Bayesian Information Criterion

Bayesian Information Criterion (BIC)

The Bayesian Information Criterion (BIC) is a model selection criterion that helps compare different statistical models while penalizing model complexity. It is rooted in Bayesian probability theory but is commonly used even in frequentist settings.

Mathematically Precise Definition

For a statistical model $M$ with $k$ parameters fitted to a dataset $\mathcal{D} = \{x_1, x_2, \dots, x_n\}$, the BIC is defined as:

$$ \text{BIC} = -2 \cdot \ln \hat{L} + k \cdot \ln(n) $$

where:

$\hat{L}$ is the maximum likelihood of the model, i.e., $\hat{L} = P(\mathcal{D} \mid \hat{\theta}, M)$, where $\hat{\theta}$ are the maximum likelihood estimates (MLE) of the parameters.
$k$ is the number of free parameters in the model.
$n$ is the number of observations in the dataset.

Interpretation

Likelihood Component ($-2 \ln \hat{L}$):
- Measures the fit of the model. A higher likelihood (or lower $-2 \ln \hat{L}$) indicates the model explains the data well.
Penalty Term ($k \ln n$):
- Penalizes model complexity. More parameters ($k$) increase the penalty, preventing overfitting.
- The penalty grows with $\ln(n)$, meaning as the dataset size increases, the cost of adding parameters increases more slowly.
Model Selection Criterion:
- Lower BIC values indicate a more preferred model.
- It balances goodness of fit and model simplicity: the best model explains the data well without unnecessary complexity.

Derivation of BIC

The BIC is derived from approximating the Bayesian model evidence under certain assumptions. Here’s a step-by-step derivation:

Bayesian Model Selection: In Bayesian statistics, model selection is based on the posterior probability of a model $M$ given data $\mathcal{D}$:
$$ P(M \mid \mathcal{D}) \propto P(\mathcal{D} | M) P(M) $$
where:
- $P(\mathcal{D} | M)$ is the marginal likelihood or model evidence: $$ P(\mathcal{D} | M) = \int P(\mathcal{D} | \theta, M) P(\theta \mid M) \, d\theta $$
Laplace Approximation of Marginal Likelihood: When $n$ is large, we can approximate the integral using Laplace’s method around the MLE $\hat{\theta}$.
- The likelihood $P(\mathcal{D} \mid \theta, M)$ is sharply peaked around $\hat{\theta}$.
- The approximation gives: $$ P(\mathcal{D} \mid M) \approx P(\mathcal{D} \mid \hat{\theta}, M) \cdot \left( \frac{(2\pi)^{k/2}}{ \lvert I_{n}(\hat{\theta}) \rvert ^{1/2}} \right) \cdot P(\hat{\theta} \mid M) $$ where $I(\hat{\theta})$ is the Fisher information, see Parametric Modeling for its definition.
Log Transformation and Simplification: Taking the logarithm and ignoring constants not dependent on $n$:
$$ \ln P(\mathcal{D} \mid M) \approx \ln P(\mathcal{D} \mid \hat{\theta}, M) - \frac{k}{2} \ln(n) $$
Formulating BIC: Multiplying both sides by $-2$ (for consistency with the likelihood ratio test framework):
$$ -2 \ln P(\mathcal{D} \mid M) \approx -2 \ln P(\mathcal{D} \mid \hat{\theta}, M) + k \ln(n) $$
The right-hand side is precisely the BIC formula:
$$ \text{BIC} = -2 \ln \hat{L} + k \ln(n) $$

Assumptions Behind BIC

Large Sample Size ($n \to \infty$): The Laplace approximation assumes that the sample size is large enough for the likelihood to be sharply peaked.
Regularity Conditions: The likelihood function must be well-behaved (differentiable, unimodal, etc.).
Model Correctness: One of the candidate models is assumed to be the true model (though in practice, this is often violated).

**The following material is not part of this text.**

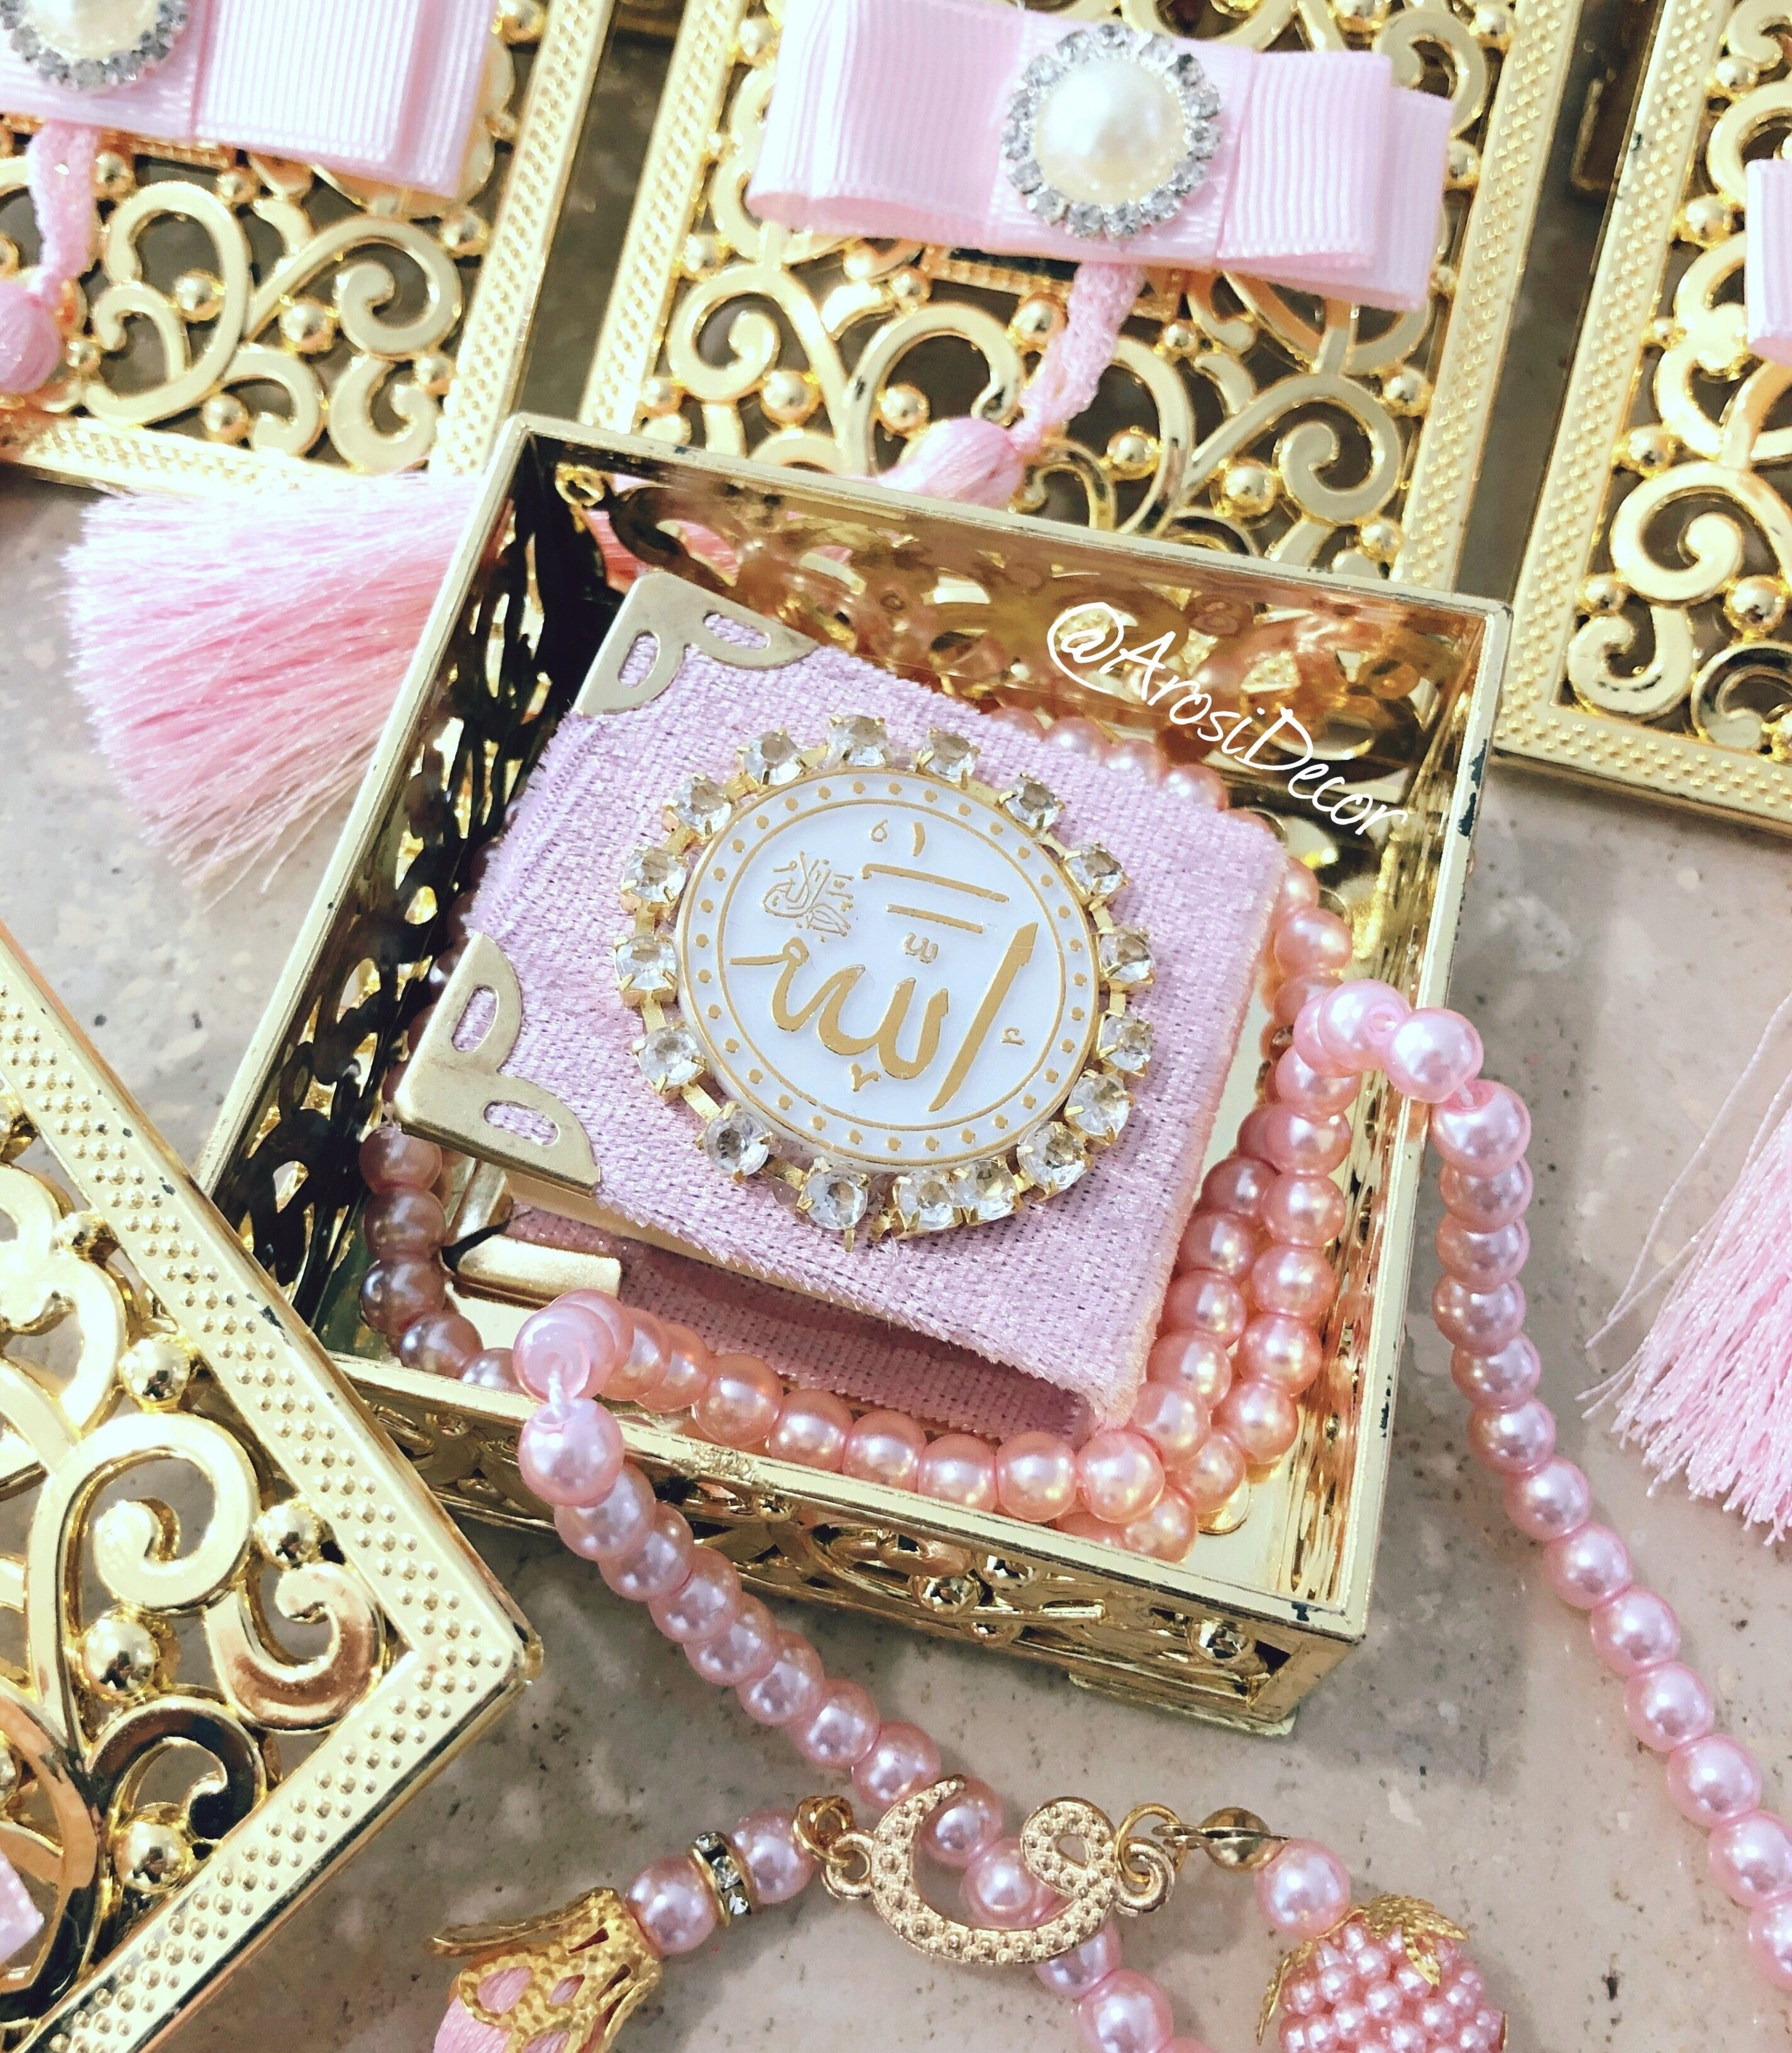 Mini Quran Gift Set Ramadan Ramadangift Eid Eidgift Muslim Islam Miniquran Tasbih Prayerbeads Dua Diy Wedding Favors Wedding Favours Arabian Party
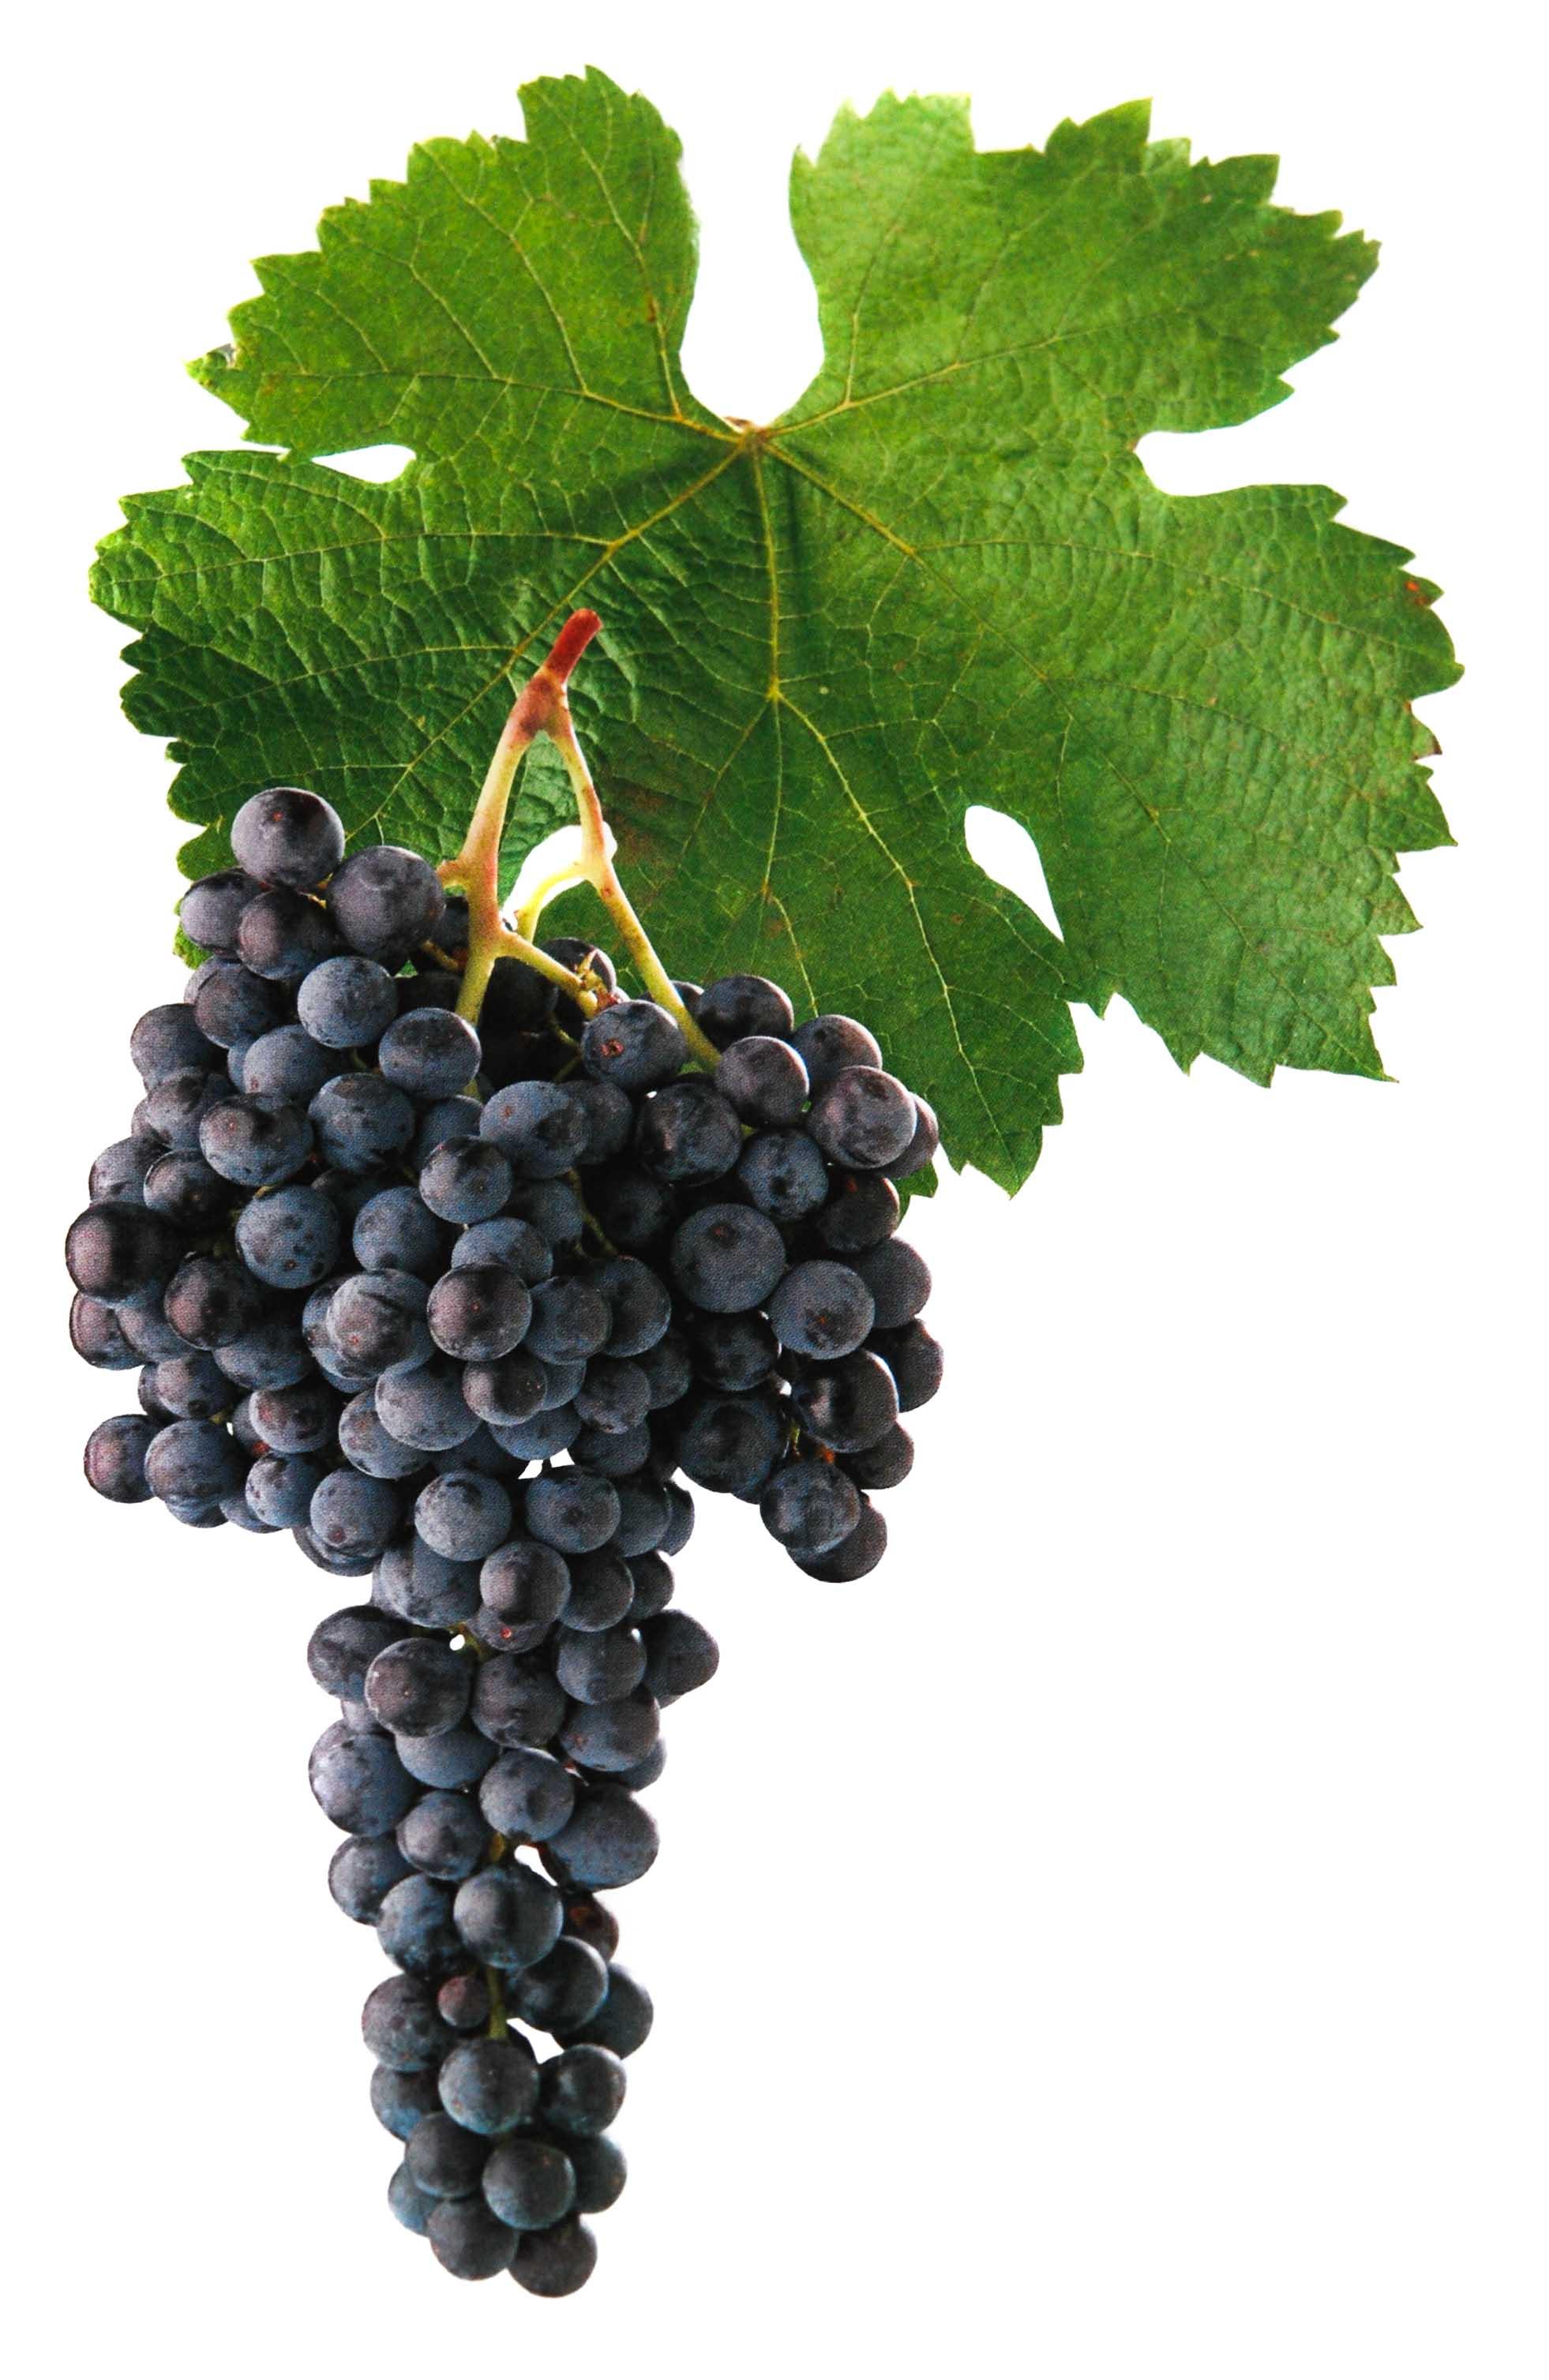 Merlot víno hrozen a list

Comparison to Other Criteria

$$ \text{AIC} = -2 \ln \hat{L} + 2k $$
- AIC penalizes complexity less harshly than BIC.
- AIC is more suitable for predictive performance, while BIC is more conservative and often better at identifying the “true” model.
BIC vs AIC:
- BIC tends to prefer simpler models as $n$ increases, due to the $\ln(n)$ term.
- AIC is asymptotically efficient (minimizes prediction error), while BIC is consistent (selects the true model as $n \to \infty$).

How to use the BIC

In practice: 11. Fit candidate models to the data. 12. Compute the BIC for each model. 13. Select the model with the lowest BIC.

BIC is widely used in fields like machine learning, econometrics, and statistical modeling, where balancing fit and complexity is critical.